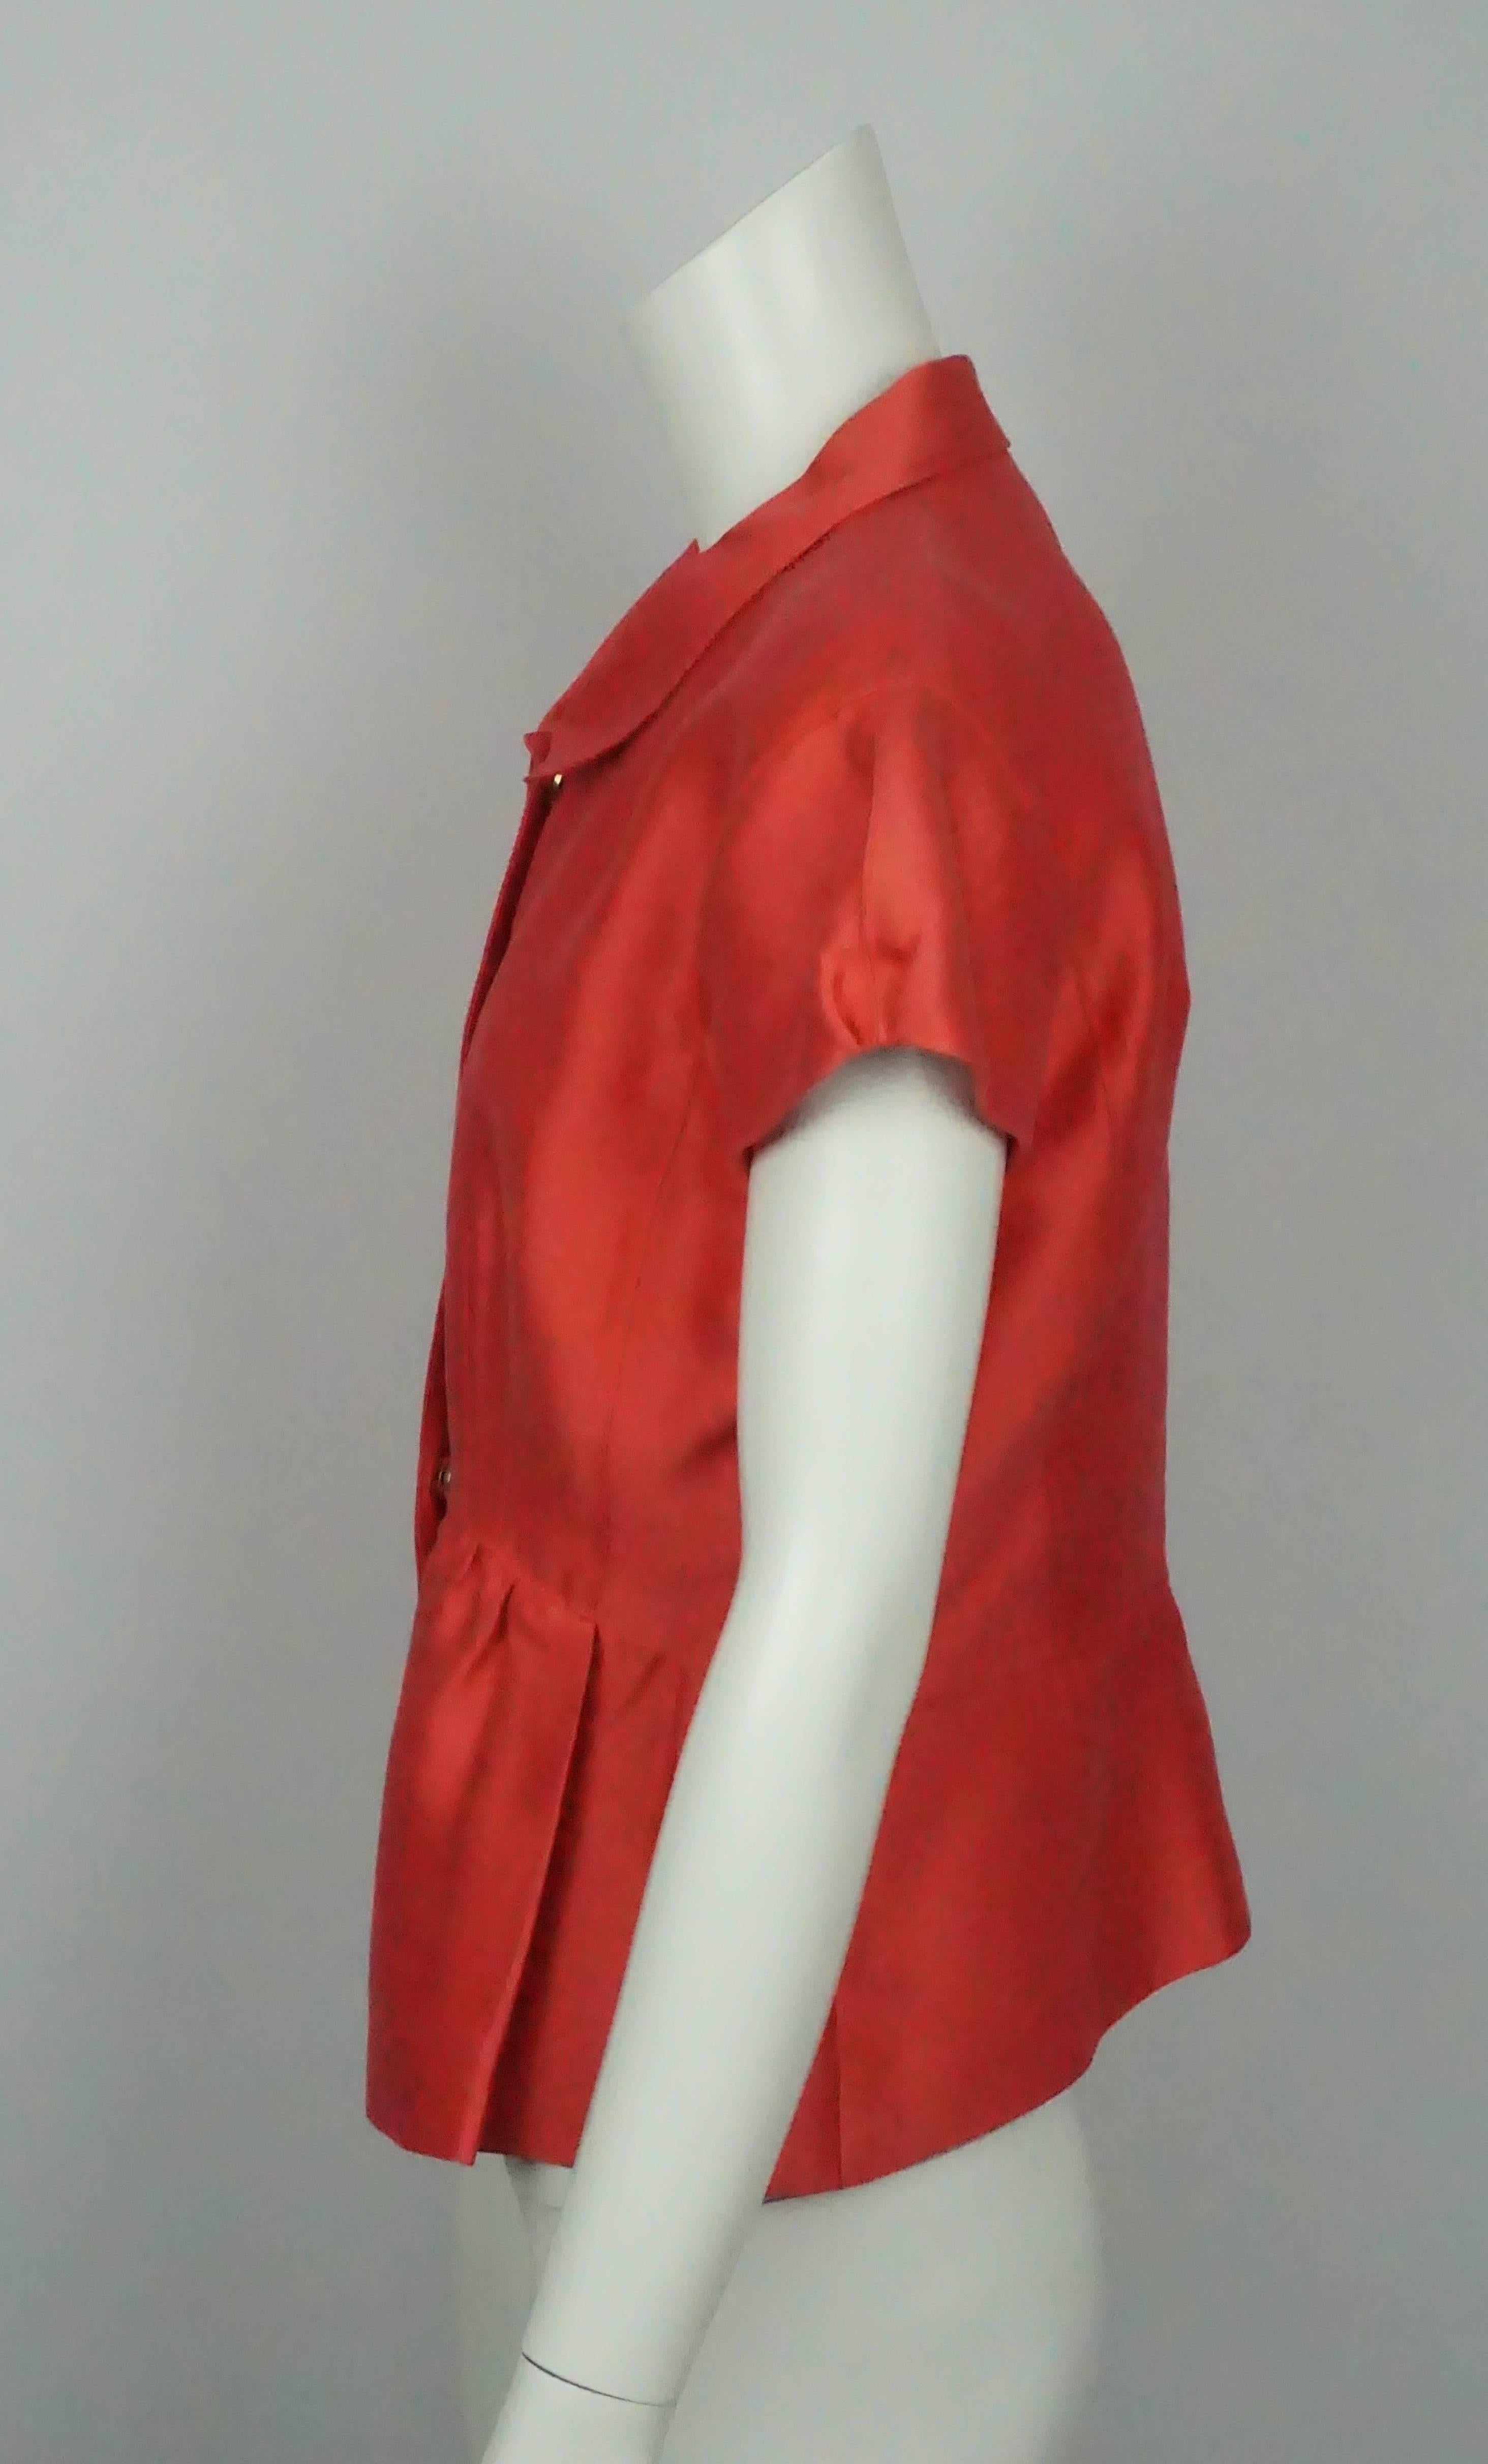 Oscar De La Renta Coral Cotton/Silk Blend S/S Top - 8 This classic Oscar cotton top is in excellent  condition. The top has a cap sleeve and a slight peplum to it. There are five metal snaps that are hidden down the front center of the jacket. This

---

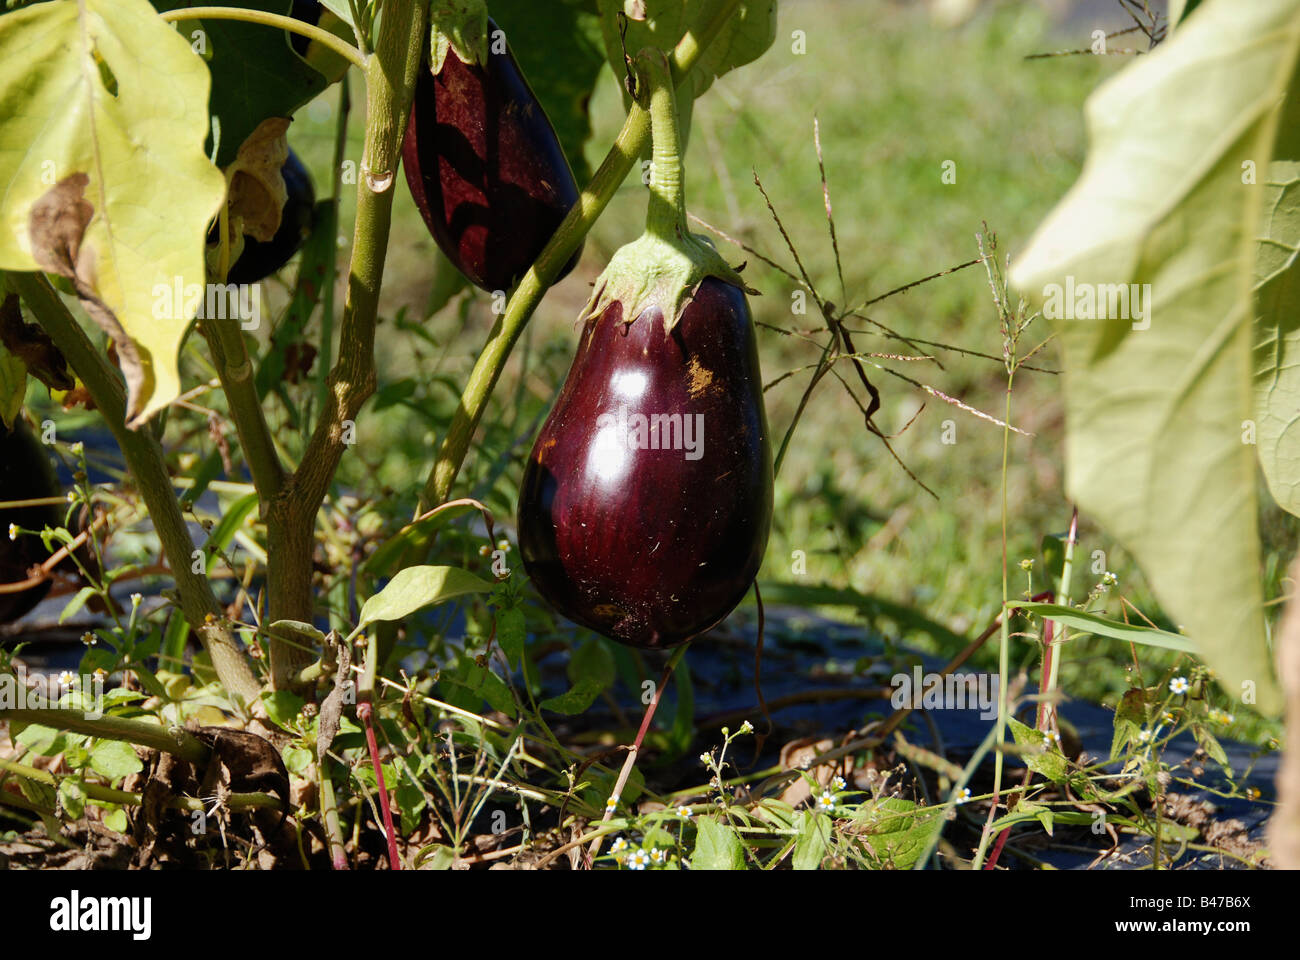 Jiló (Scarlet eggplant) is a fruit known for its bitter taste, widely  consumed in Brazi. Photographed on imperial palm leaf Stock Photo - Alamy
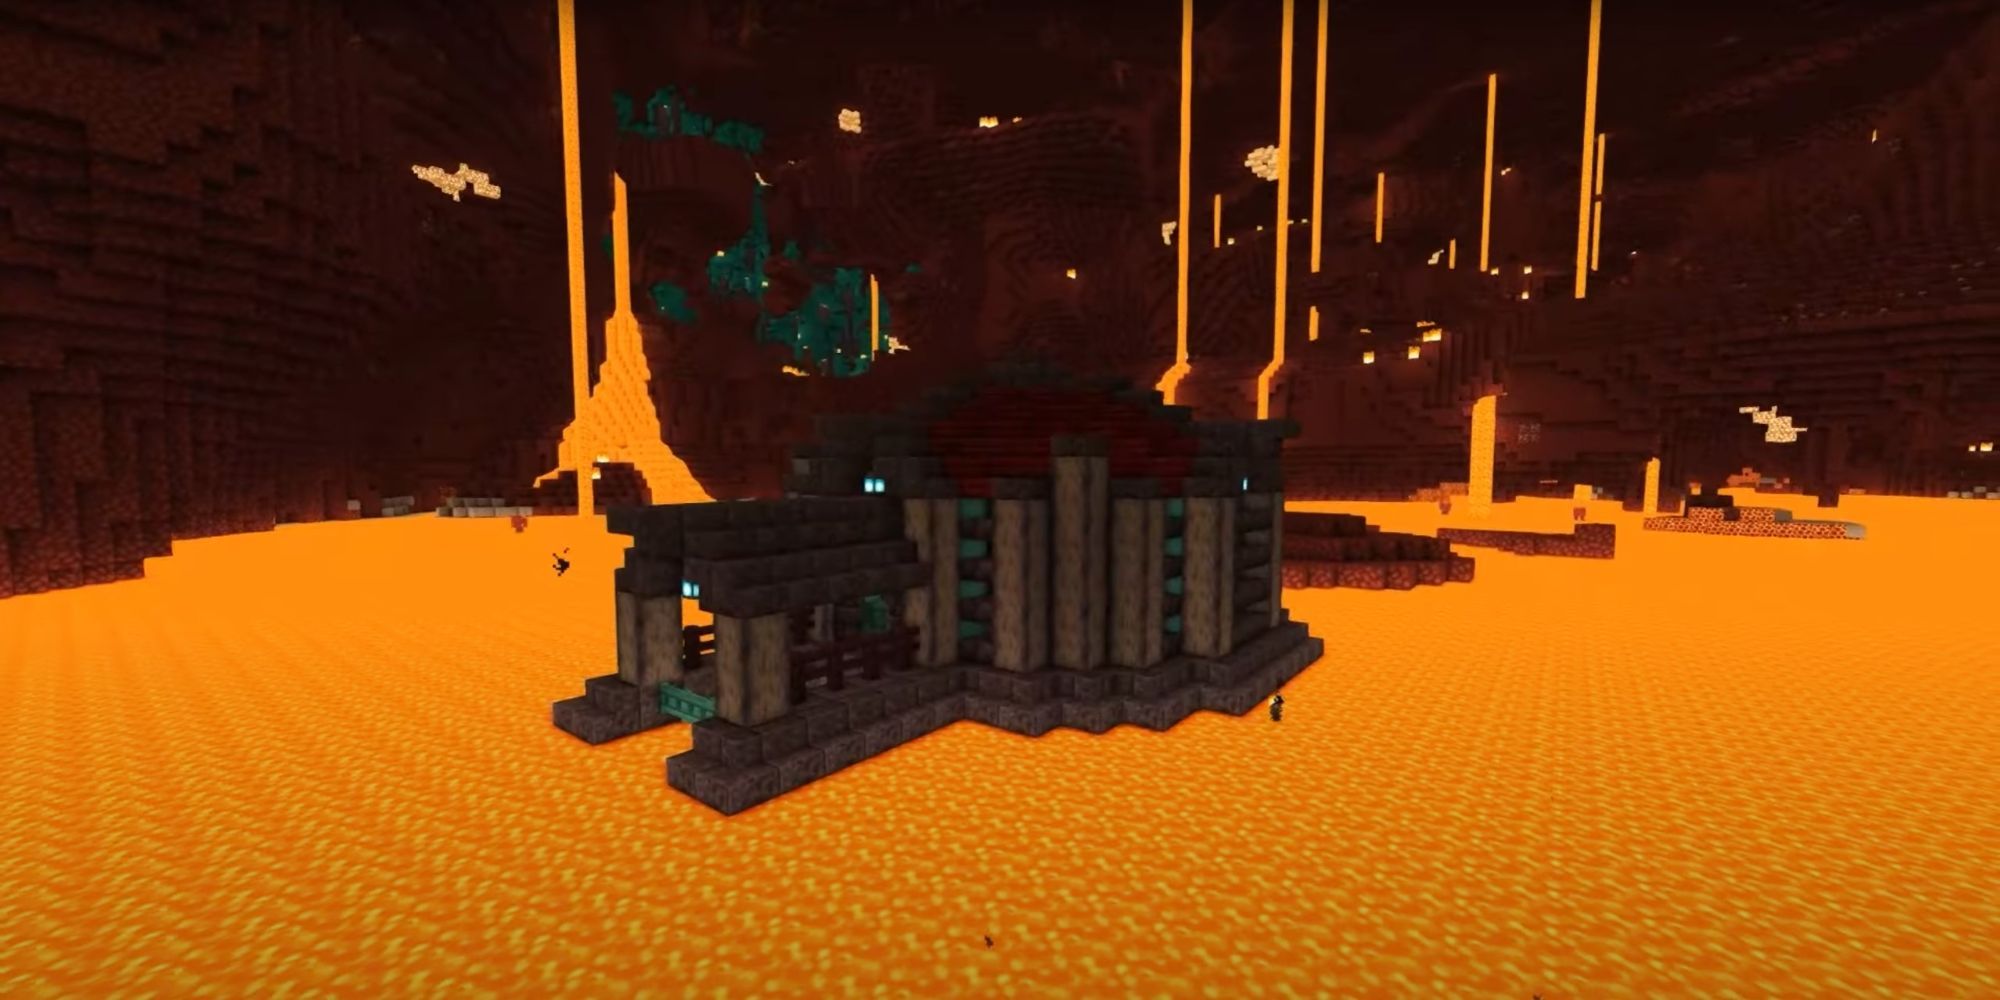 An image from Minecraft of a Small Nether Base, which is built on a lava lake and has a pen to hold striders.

* * *

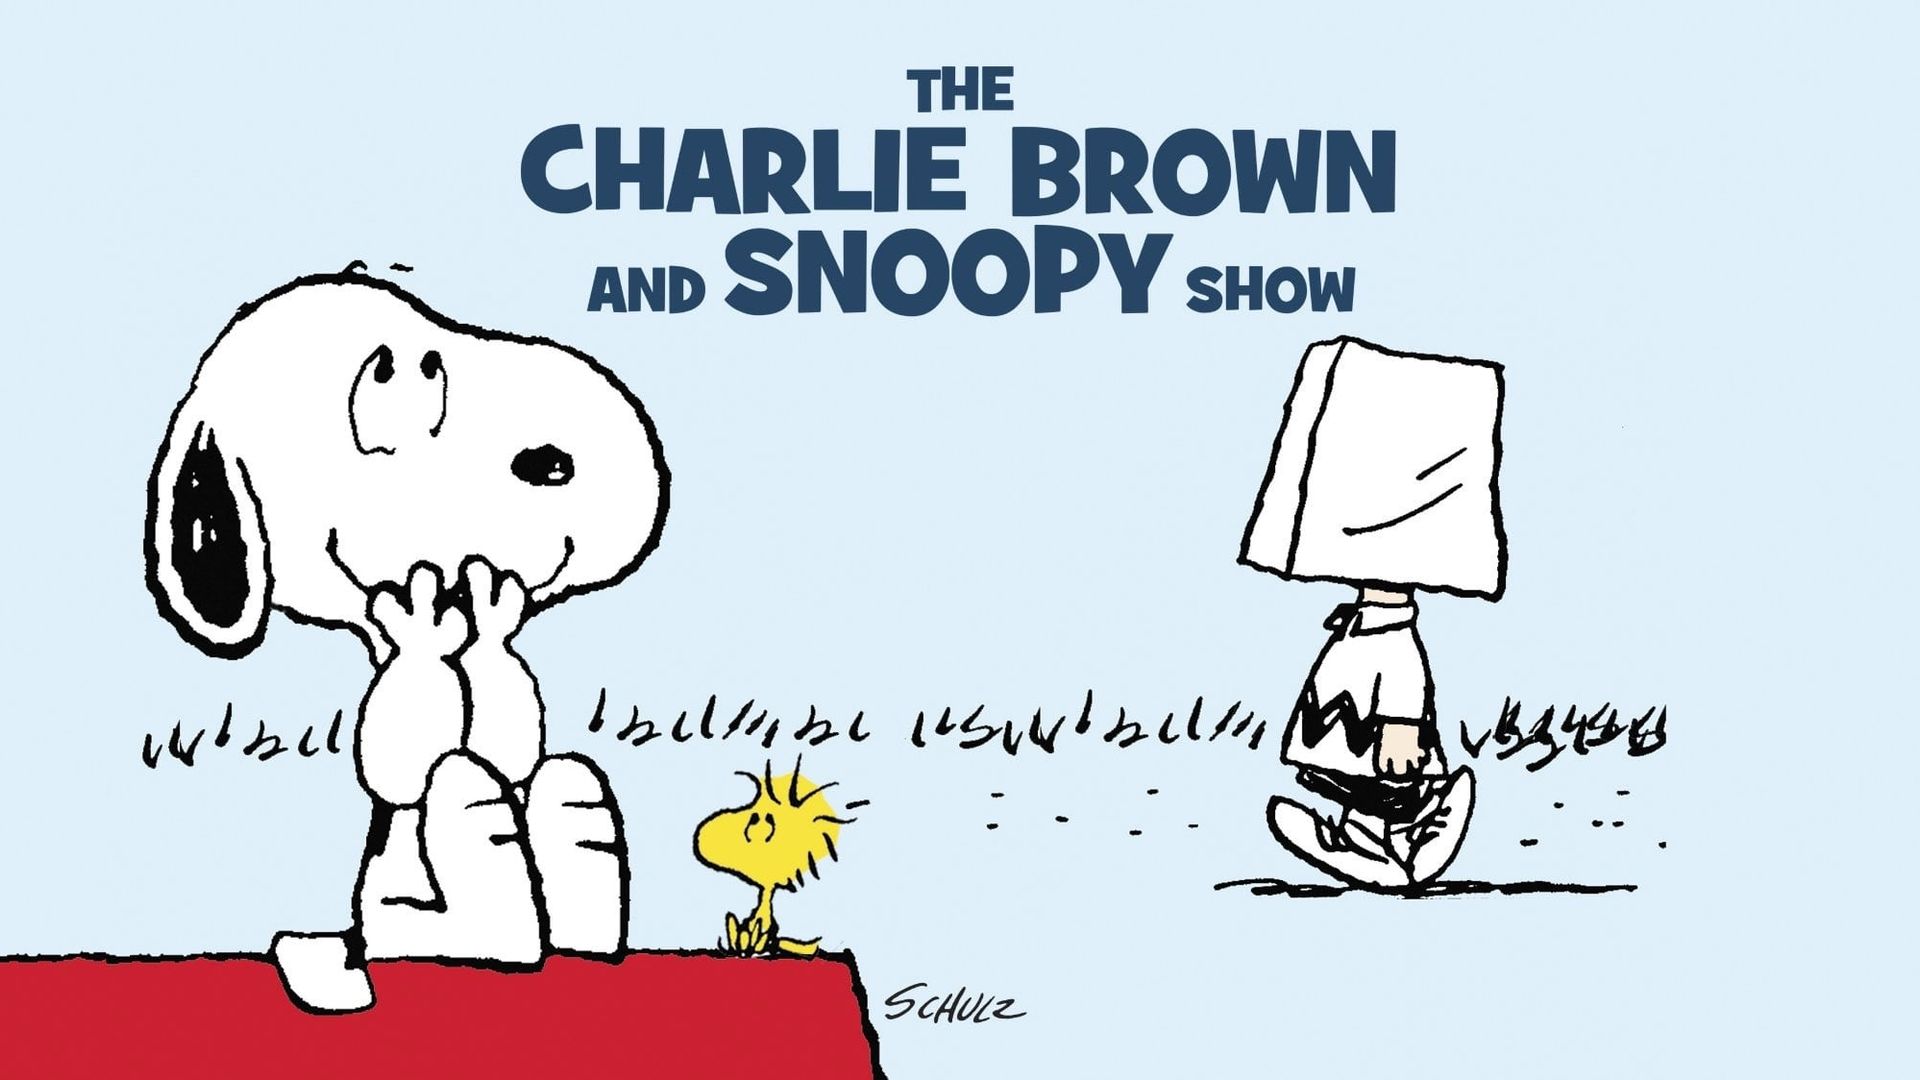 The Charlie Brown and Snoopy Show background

* [Requirement] Within the listing above, find the line containing "Jiló (Scarlet eggplant)" and the line containing "An image from". Transcribe them and everything between them exactly, leaving out the pictures.

* [Task output]
 Jiló (Scarlet eggplant) is a fruit known for its bitter taste, widely  consumed in Brazi. Photographed on imperial palm leaf Stock Photo - Alamy
 An image from Minecraft of a Small Nether Base, which is built on a lava lake and has a pen to hold striders.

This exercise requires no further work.